Wrapping things up, as with most other ARM IP announcements, the announcement of the Cortex-R52 is setting the stage for future products. ARM isn’t talking about specific customers at this time, but they already have a number of companies who have licensed ARMv8-R and will be in need of a CPU design to go with it. To that end, we should be seeing Cortex-R52 start appearing under the hood of various devices in the coming years.
Post Your CommentPlease log in or sign up to comment.
View All Comments
Raqia - Monday, September 19, 2016 - linkDoes this CPU even have caches? What's its closest A-X equivalent in terms of architecture and performance?
nightbringer57 - Tuesday, September 20, 2016 - linkCache typically is a PITA to handle in real time applications.

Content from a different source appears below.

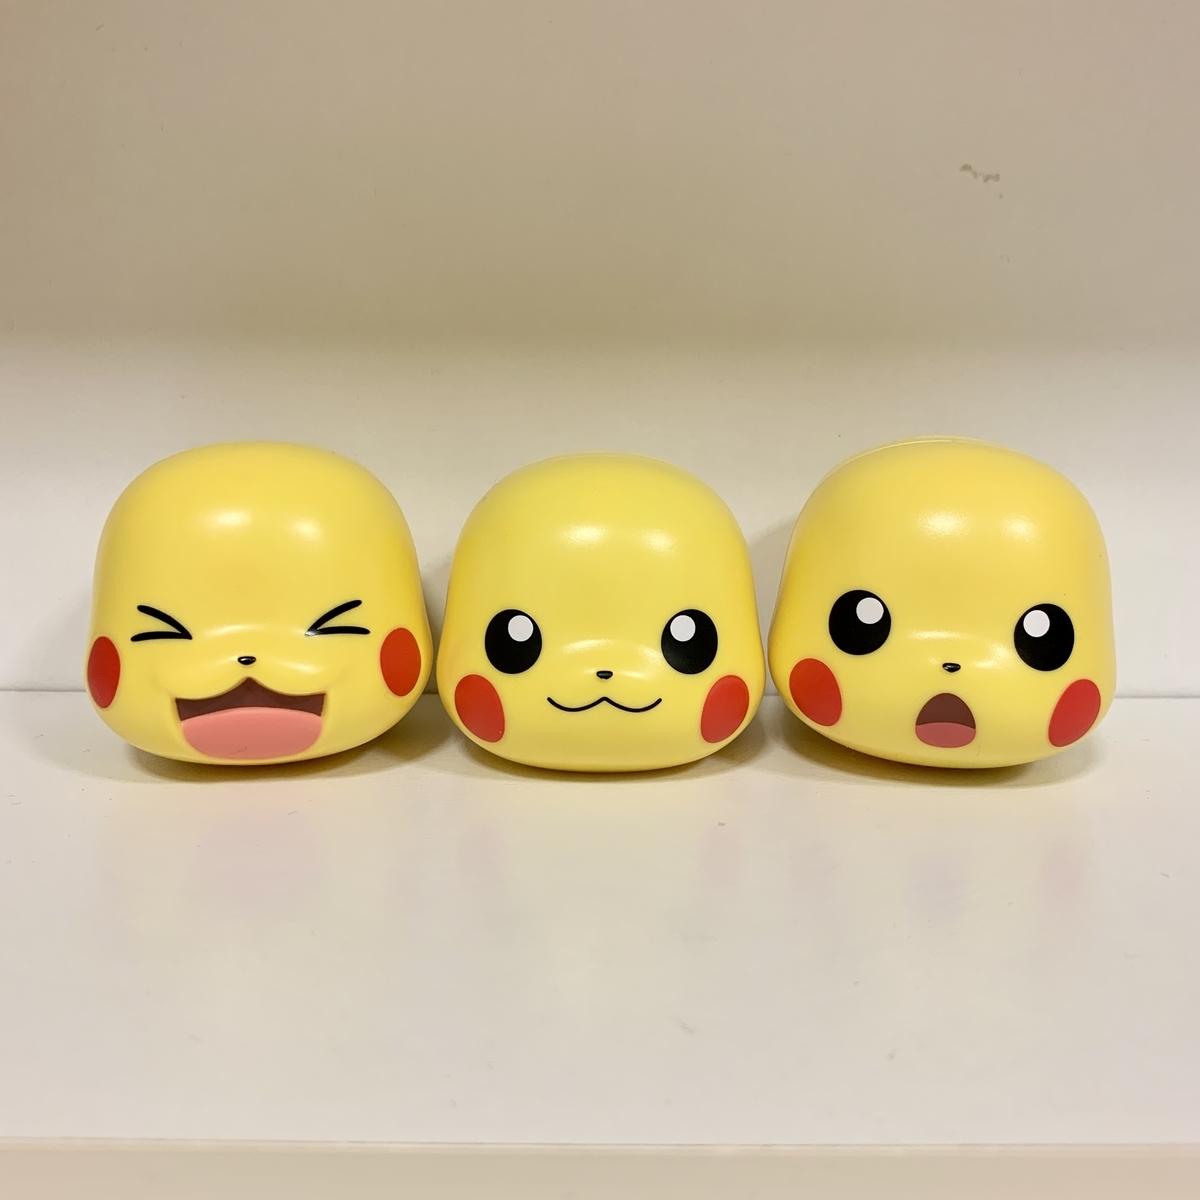 f:id:pikachu_pcn:20210523152722j:plain

This cannot really be compared to application processors, real-time processors typically sacrifice a lot of actual processing power in order to ensure a deterministic behaviour.
Tom Womack - Tuesday, September 20, 2016 - linkYes, it has caches (see slide 17).
extide - Wednesday, September 21, 2016 - linkIt's right in the article A7/A53
lilmoe - Monday, September 19, 2016 - linkA53 successor is way overdue, ARM...
extide - Tuesday, September 20, 2016 - linkA35 ..?
Nenad - Tuesday, September 20, 2016 - linkHow much slower is R compared to A ?
I understand that determinism is important benefit with R, but if A is order of magnitudes faster, is it possible that *worst* case for A would still be guaranteed to be faster than R ?
And if that is the case , would A be good or better than R even for RT systems (provided you run RT OS on top of A) ?
allajunaki - Tuesday, September 20, 2016 - linkRealtime, for example is how your Car ABS / Traction Control operates. If they miss the processing window, they will skip the event and move on to the next one. Time critical operations follow this method. What R series would allow you would be processing of this sort. Realtime operations require RTOS and a processor that supports Realtime operations. I would imagine these processors will also prioritise low latency over raw throughput. (So no Out Of Order Execution, cache, or anything that can potentially introduce latency).
MrCommunistGen - Tuesday, September 20, 2016 - linkSamsung has previously used ARM R4 cores in their SATA SSD controllers (MDX thru MHX). Wonder if R52 is slated to go into some future NVMe SSD controller!
Anato - Wednesday, September 21, 2016 - linkI doubt safety-critical certifications will allow non-certified code to be run in same processor at will. And I hope we don't need new pile of corpses to prove this. The savings aren't that magnificent that we should mix “random code” with safety-critical task and pray silicon is implemented correctly and doesn't have bugs.